The disclosed invention describes the use of bisbenzylisoquinolines such as 6,6′,7,12-tetramethoxy-2,2′-dimethyl-berbaman (tetrandrine) and derivatives, isomers and analogs, modified forms such as salt forms, or a salt of this compound with a pharmaceutically acceptable acid in the inhibition of molecular protein targets involved in the survival of cancer and leukemia stem cells including but not limited to lipoxygenases, Mcl-1, cyclin-D1, beta-catenin, Bcl-2, Bcl-xL NF-kB, CamKIIγ, pCaMKIIγ, NLRP3, and VEGF.
The disclosed invention describes the use of bisbenzylisoquinolines such as 6,6′,7,12-tetramethoxy-2,2′-dimethyl-berbaman (tetrandrine) and derivatives, isomers and analogs, modified forms such as salt forms, or a salt of this compound with a pharmaceutically acceptable acid alone or in combination with chemotherapeutic or immunosuppressive agents including epoetin alpha+GCSF, azacitidine (Vildaza), decitibine (Dacogen), cedazuridine, Inqovi® (decitabine and cedazuridine), cytarabine, fludarabine, lenalidomide (Revlimid) for immunosuppressive, immunomodulatory and anti-inflammatory activities that enable treatment of MDS, MPN, CML, aCML, AML, PV, and related diseases.
The disclosed invention describes the use of bisbenzylisoquinolines such as 6,6′,7,12-tetramethoxy-2,2′-dimethyl-berbaman (tetrandrine) and derivatives, isomers and analogs, modified forms such as salt forms, or a salt of this compound with a pharmaceutically acceptable acid alone or in combination with tyrosine kinase inhibitors including imatinib, dasatinib, nilotinib, bosutinib, ponatinib, AZD0530, NPB-001-05, AT9283, BAY43-9006, bafetinib, AP24534, lestaurtinib, tozasertib, danusertib, XL228, KW-2449, AT-9283, VE-465, DCC-2036, PKC412, PF-03814735 and vatalanib for treatment of solid tumor cancers, lymphomas, MPN, CML, aCML, AML, PV and related myelodysplastic diseases.

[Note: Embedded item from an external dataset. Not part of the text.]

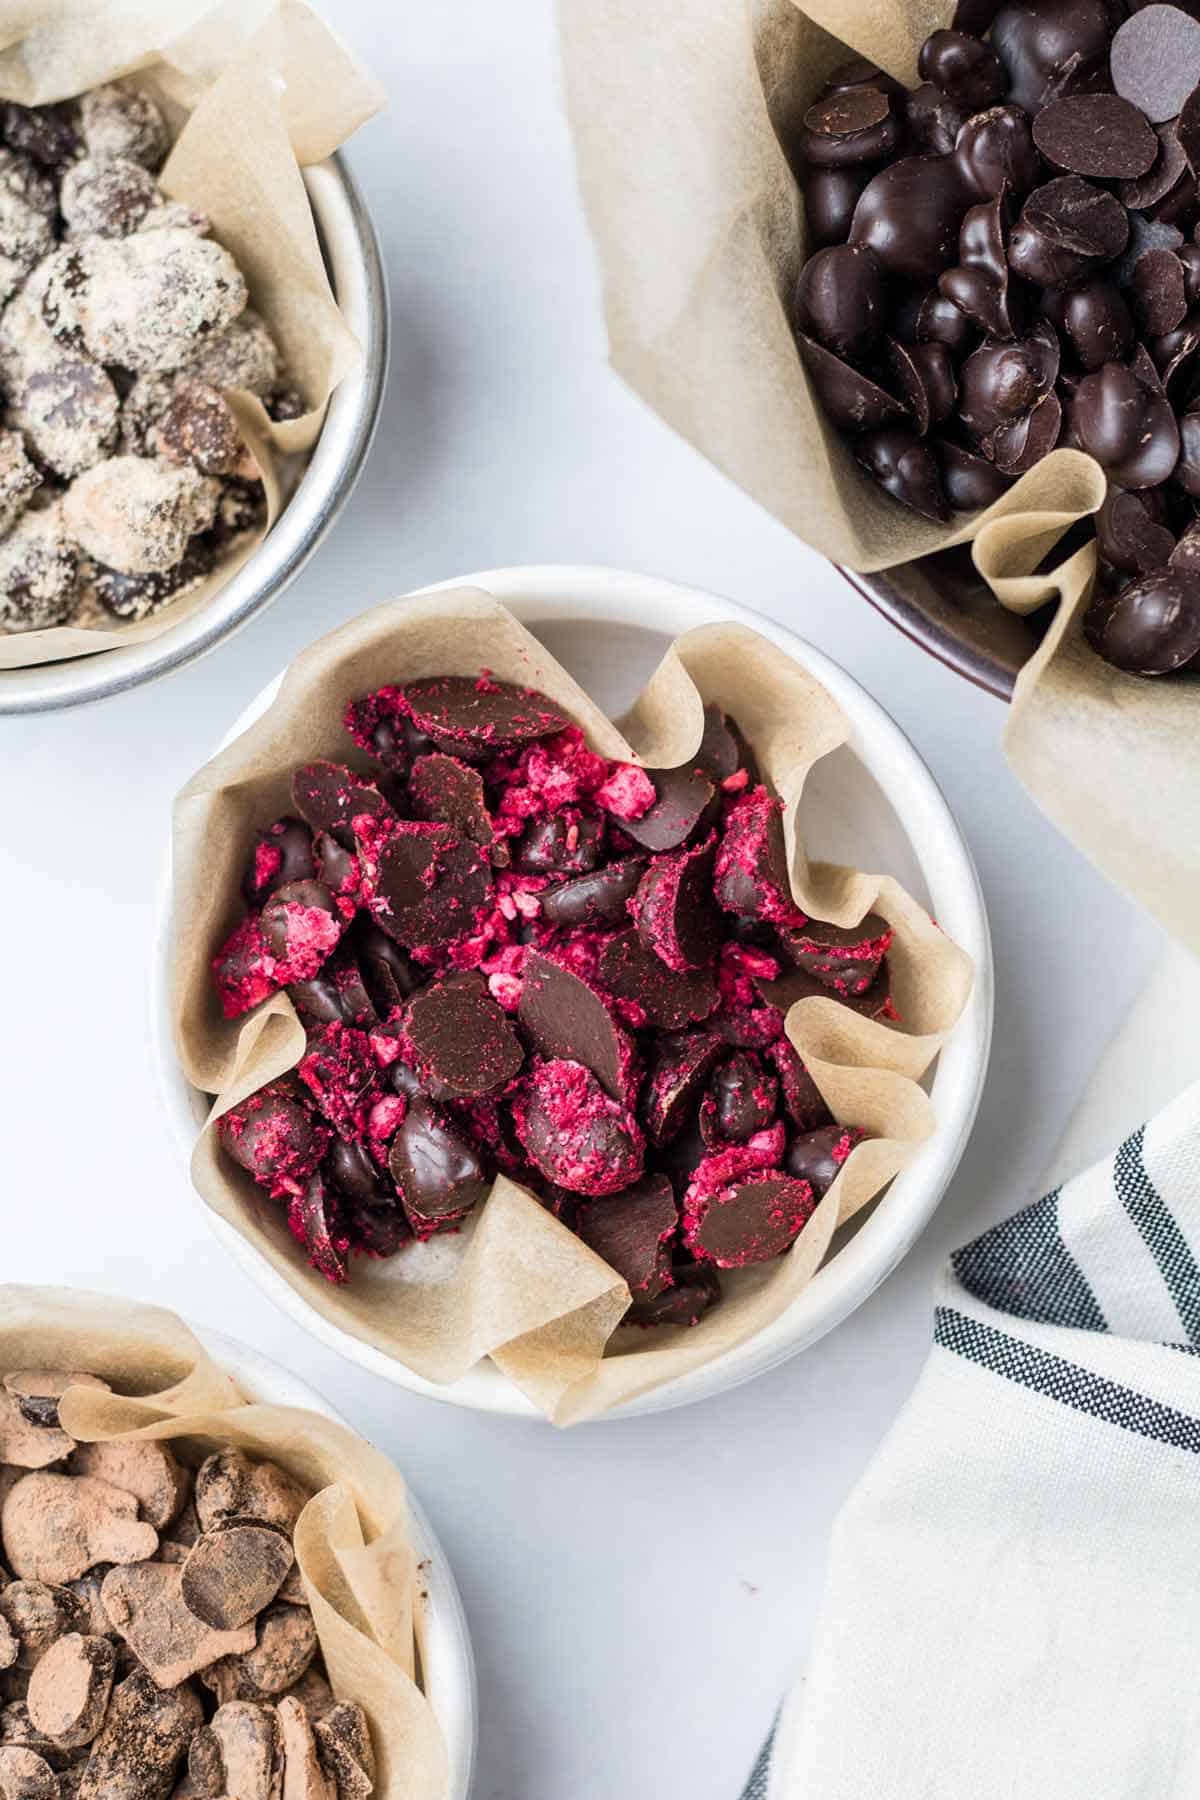 Multiple small parchment lined bowls of chocolate covered espresso beans with each bowl containing different toppings.

Tetrandrine is a preferred bisbenzylisoquinoline, although other bisbenzylisoquinoline analogs can be used. The initial treatment with tetrandrine is preferably about 2 to 15 mg/kg tetrandrine per day, more preferably 5 to 10 mg/kg tetrandrine per day. For oral delivery, the preferred initial treatment with tetrandrine could be expressed as a fixed dose of 360 mg per day, and more preferably, 540 mg per day. The tetrandrine treatment can be for 7 days or more. However, the treatment may be as long as 14-21 days consecutively in a 28 day cycle or chronically with daily administration lasting 6-8 weeks or up to 3 months. In some cases, the amount and/or duration may be less than 5 mg/kg or 350 mg tetrandrine per day and less than 7 days. The therapy can also be administered chronically. In addition, tetrandrine derivatives may be provided for parenteral use such as IV, as a bolus or infusion.

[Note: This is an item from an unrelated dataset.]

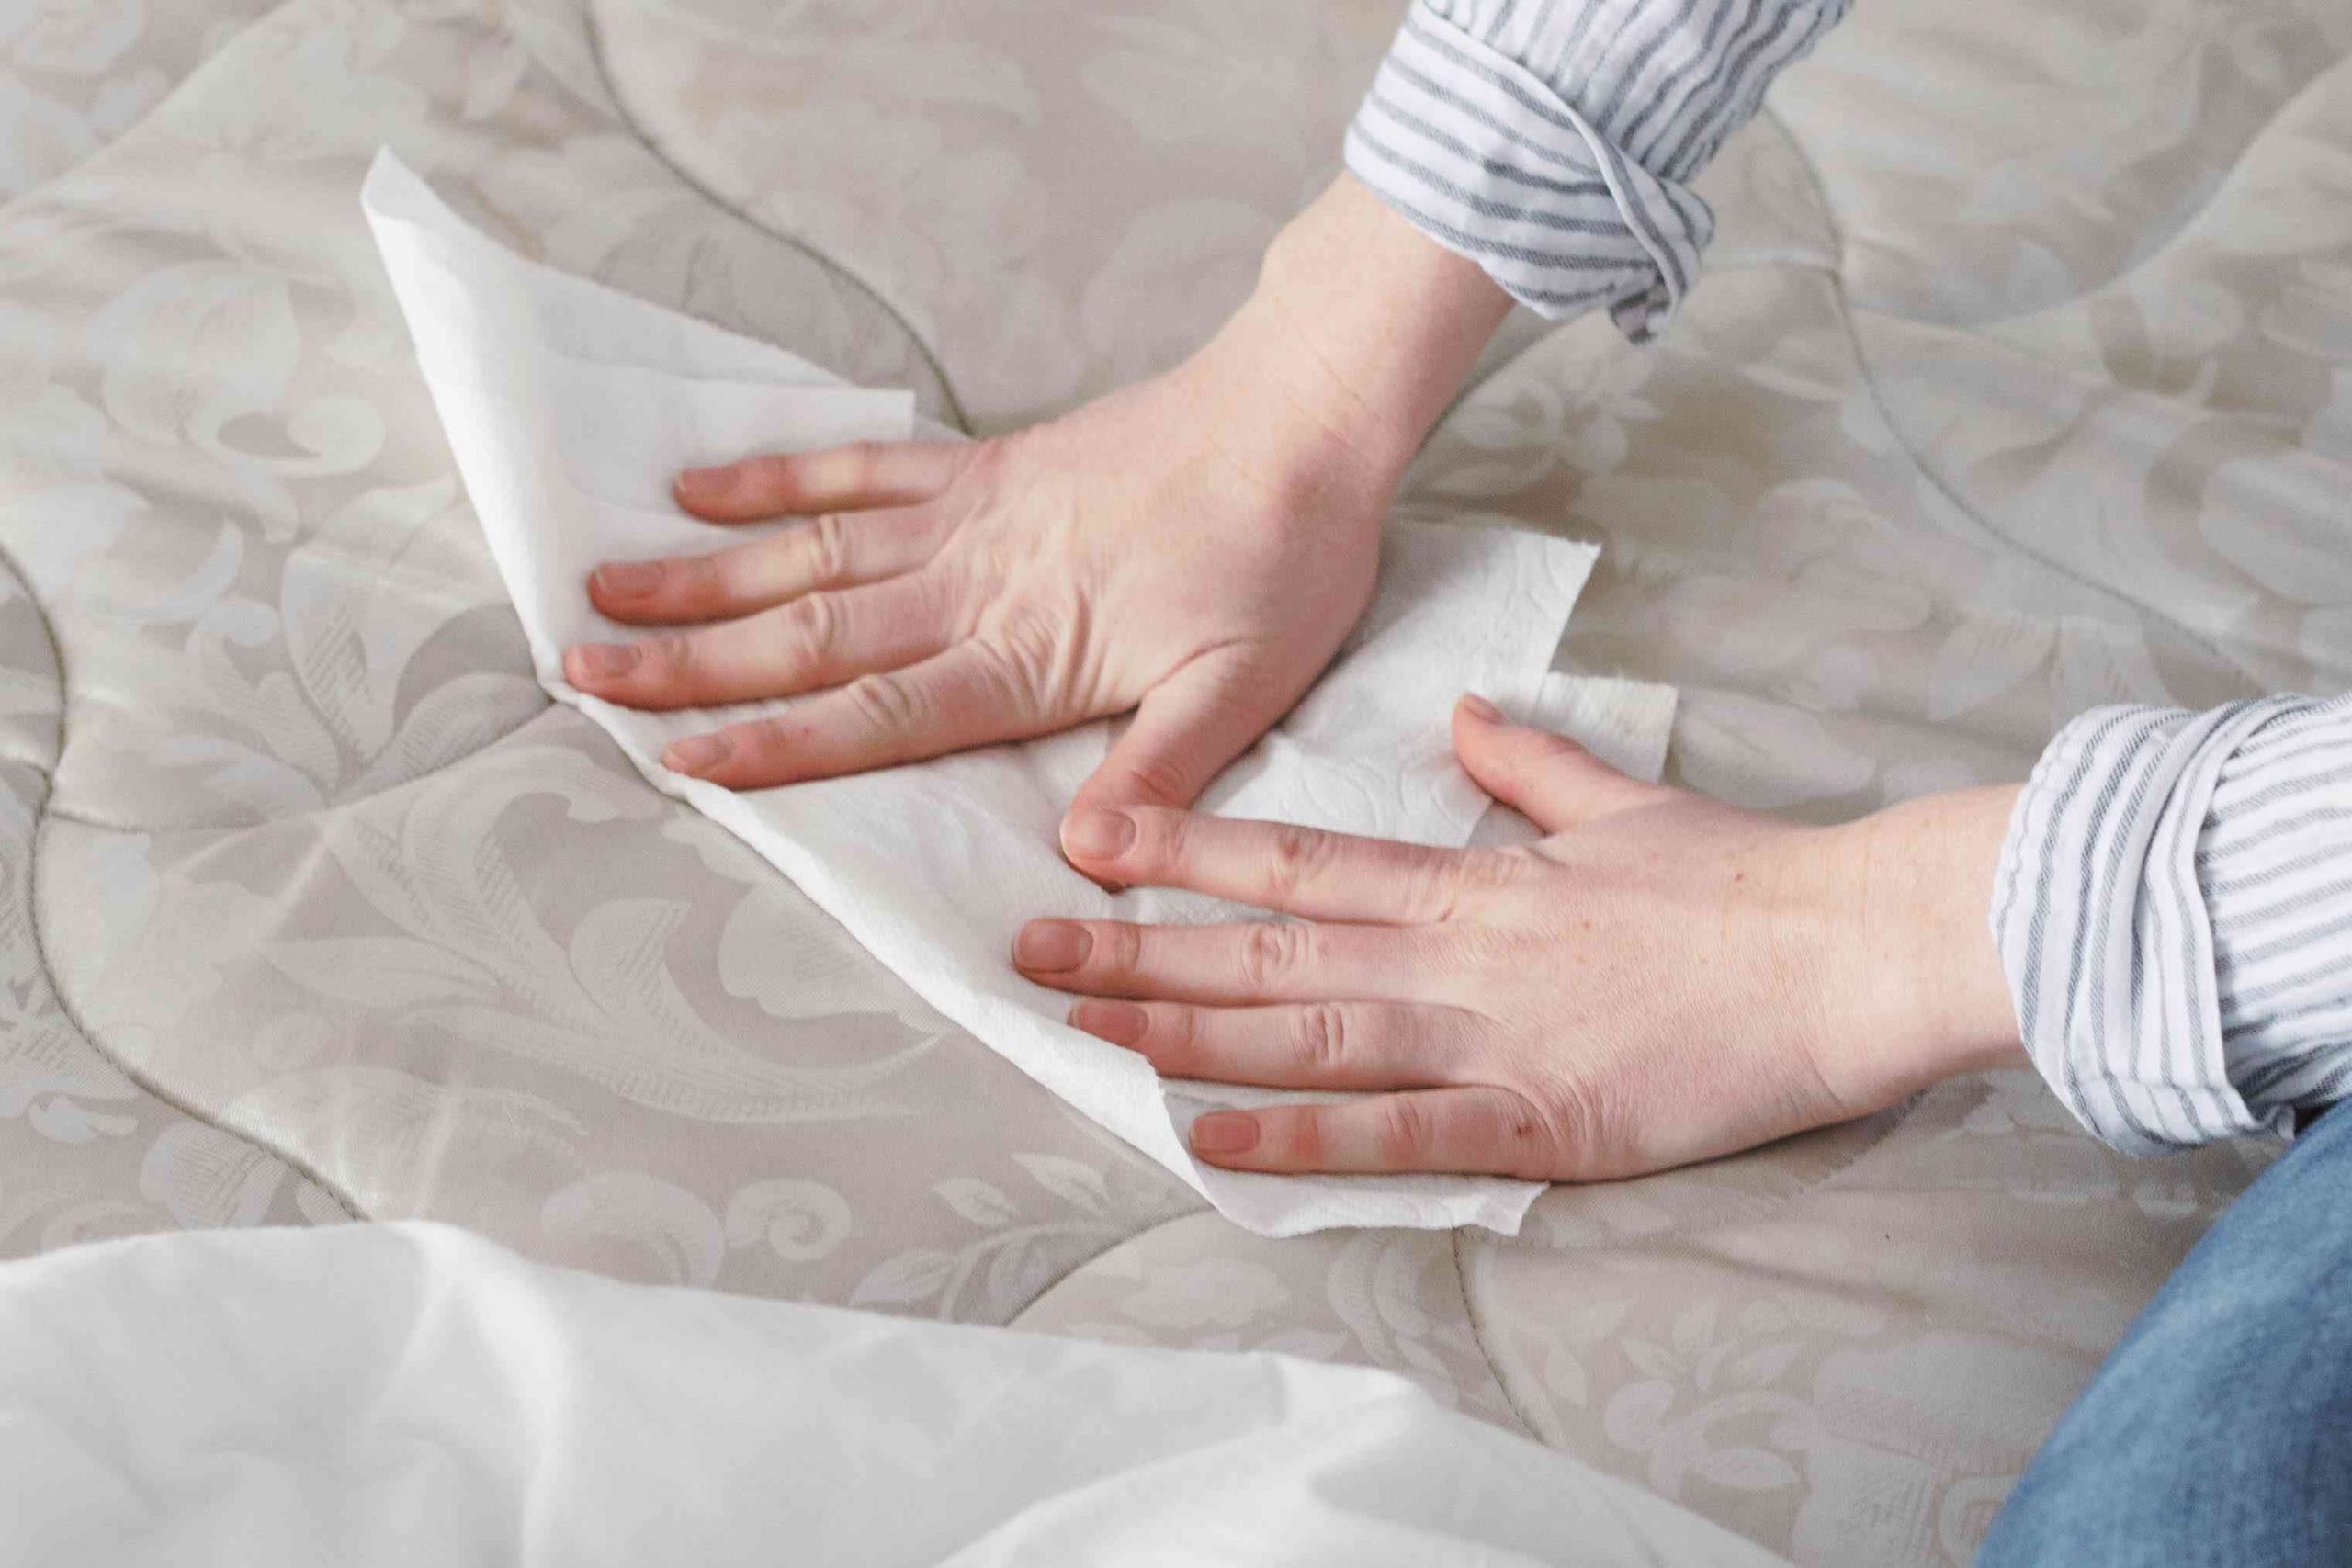 How to Remove Urine Stains and Odors From Mattresses

The foregoing methods can also be modified so that the treatment with TKI or chemotherapeutic regimen is supplemented with concurrent treatment with a bisbenzylisoquinoline. In such cases, (1) the amount of bisbenzylisoquinoline can be lower than that which would be used if administered alone, (2) the time for bisbenzylisoquinoline treatment can be reduced (e.g. 2-7 days for tetrandrine), or (3) the amount and time of bisbenzylisoquinoline treatment can be reduced. In addition, the amount of TKI or other chemotherapeutic regimens can also be lower than if administered alone or alternative dosing schedules may be employed.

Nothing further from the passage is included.